* [RECORDS SHOWN]:
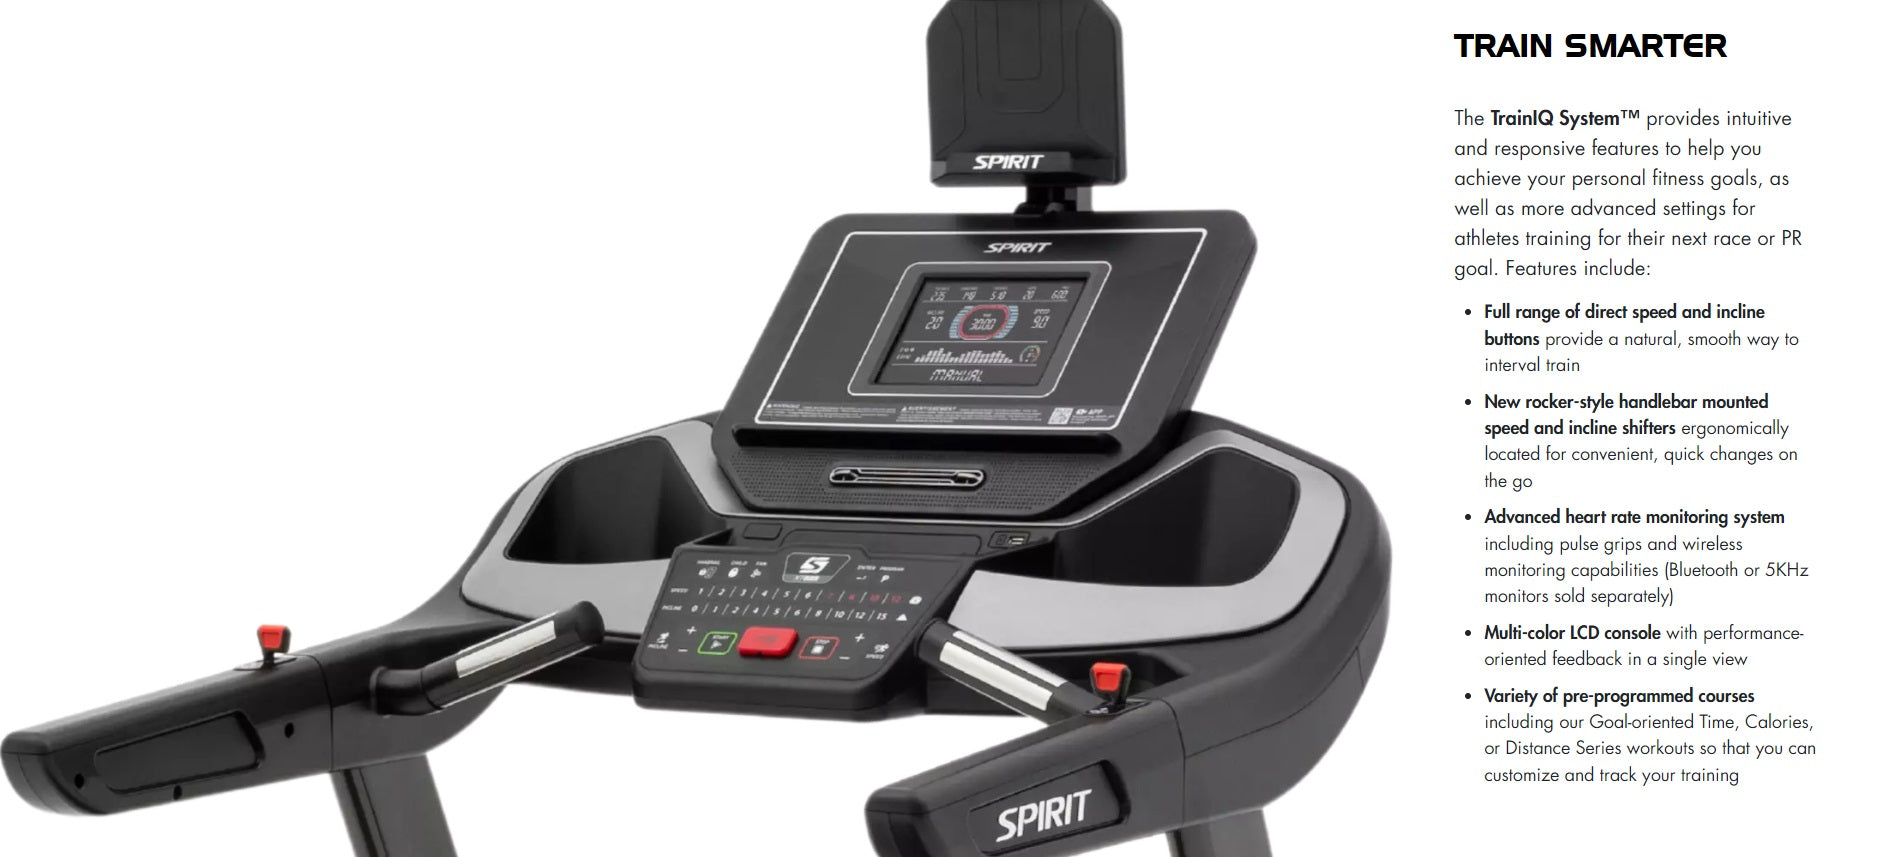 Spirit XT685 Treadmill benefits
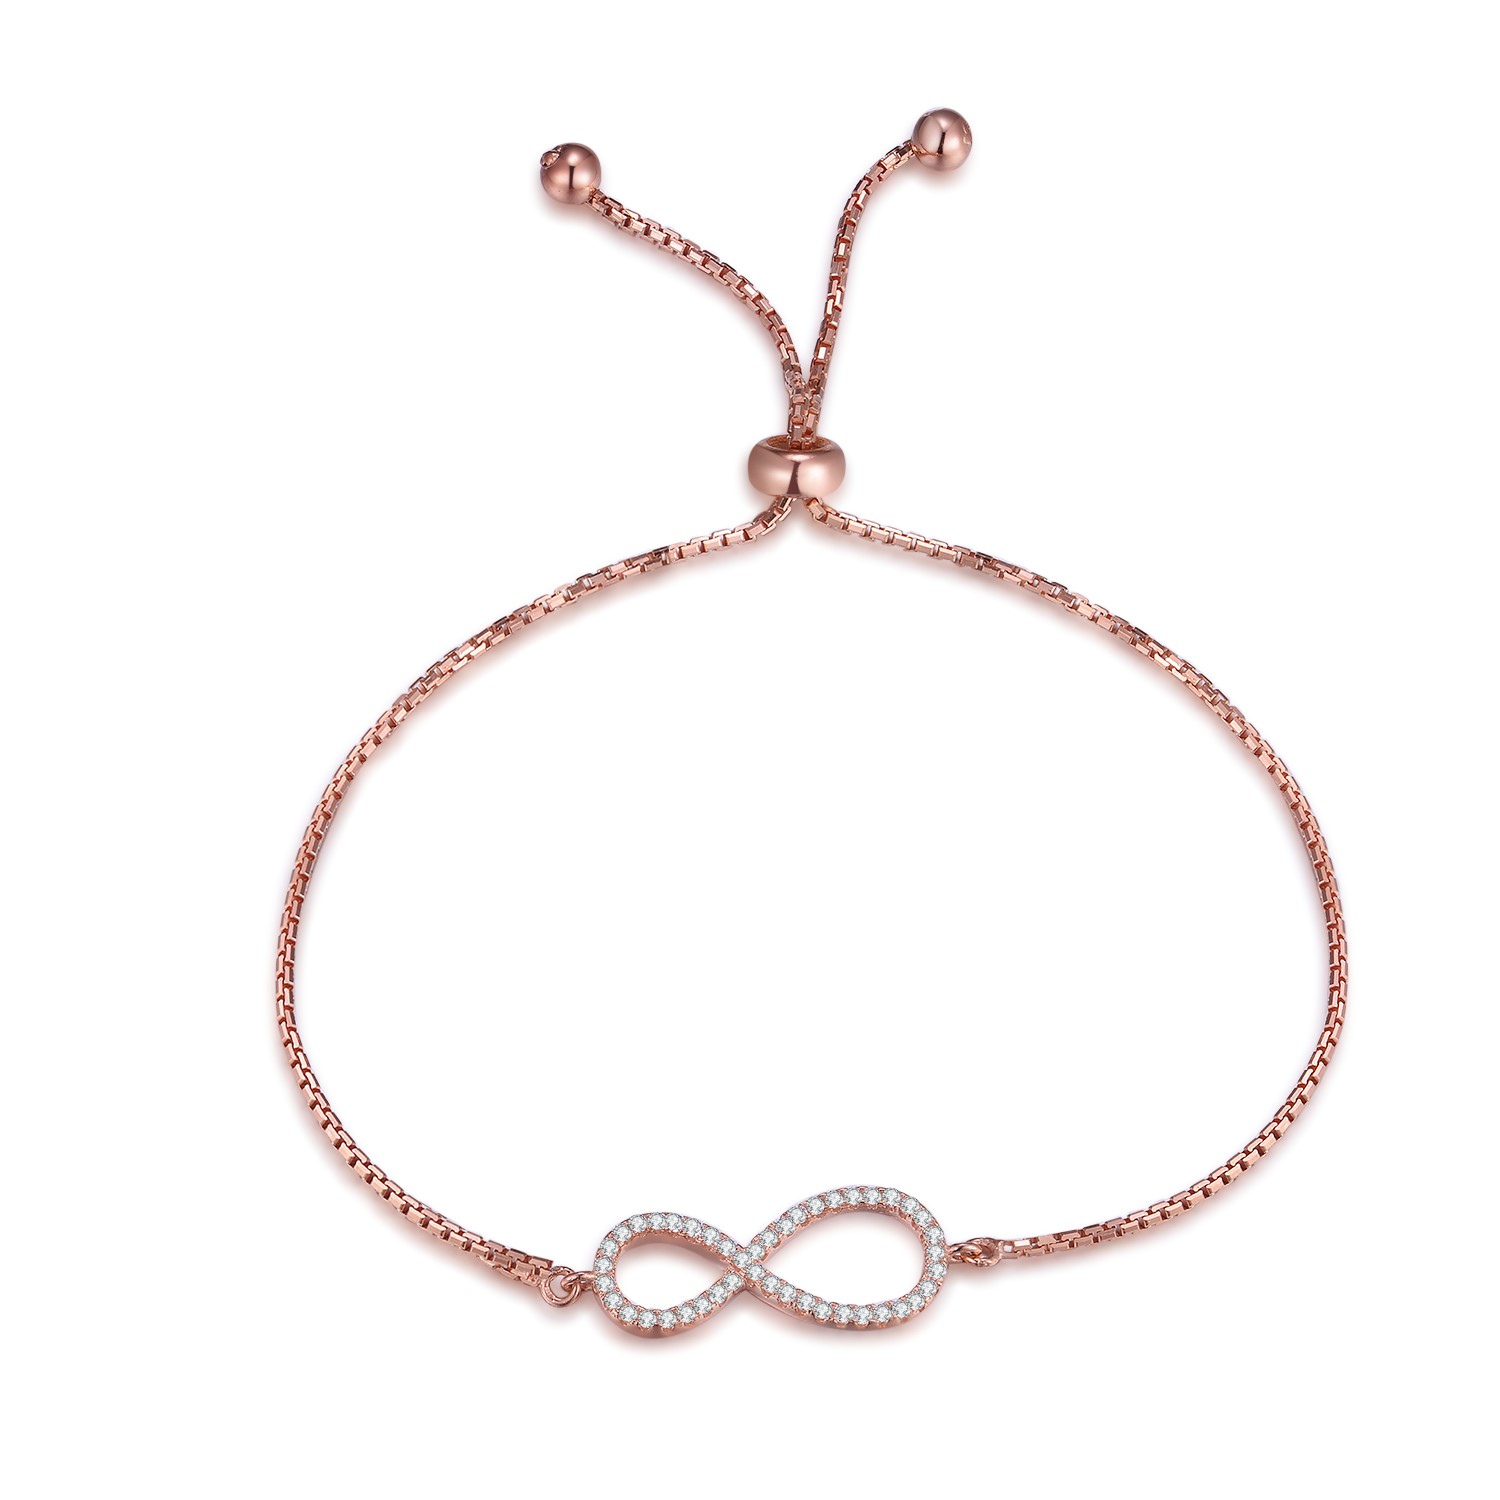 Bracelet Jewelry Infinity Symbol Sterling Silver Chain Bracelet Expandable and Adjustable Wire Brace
* * *
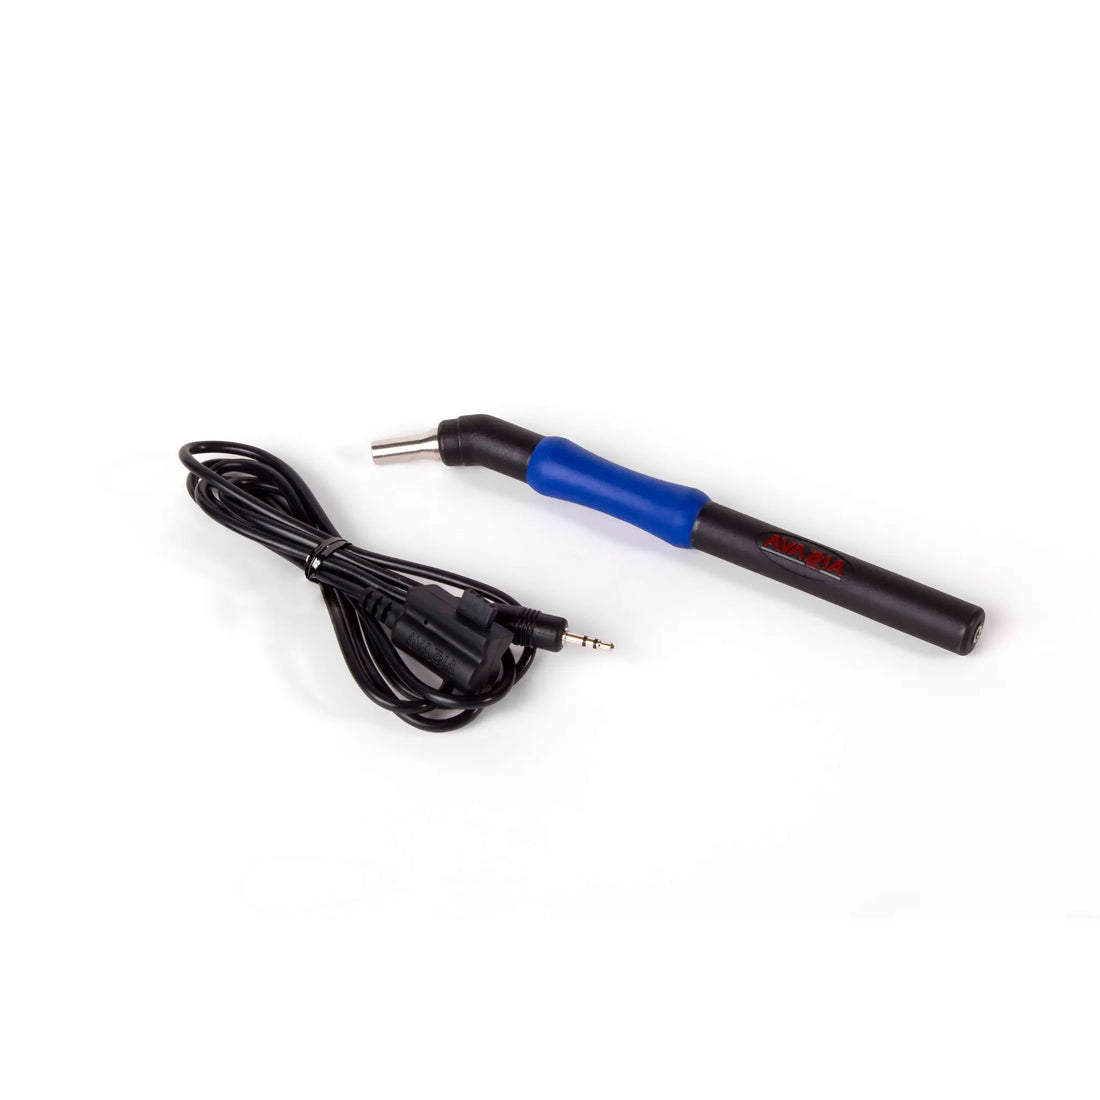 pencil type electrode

* [PROBLEM STATEMENT]: With the pictures omitted, copy the entries above exactly from the line containing "Spirit XT685 Treadmill benefits" through the line containing "Bracelet Jewelry Infinity", both lines included.

* [RESULT OF THIS TASK]:
 Spirit XT685 Treadmill benefits
 Bracelet Jewelry Infinity Symbol Sterling Silver Chain Bracelet Expandable and Adjustable Wire Brace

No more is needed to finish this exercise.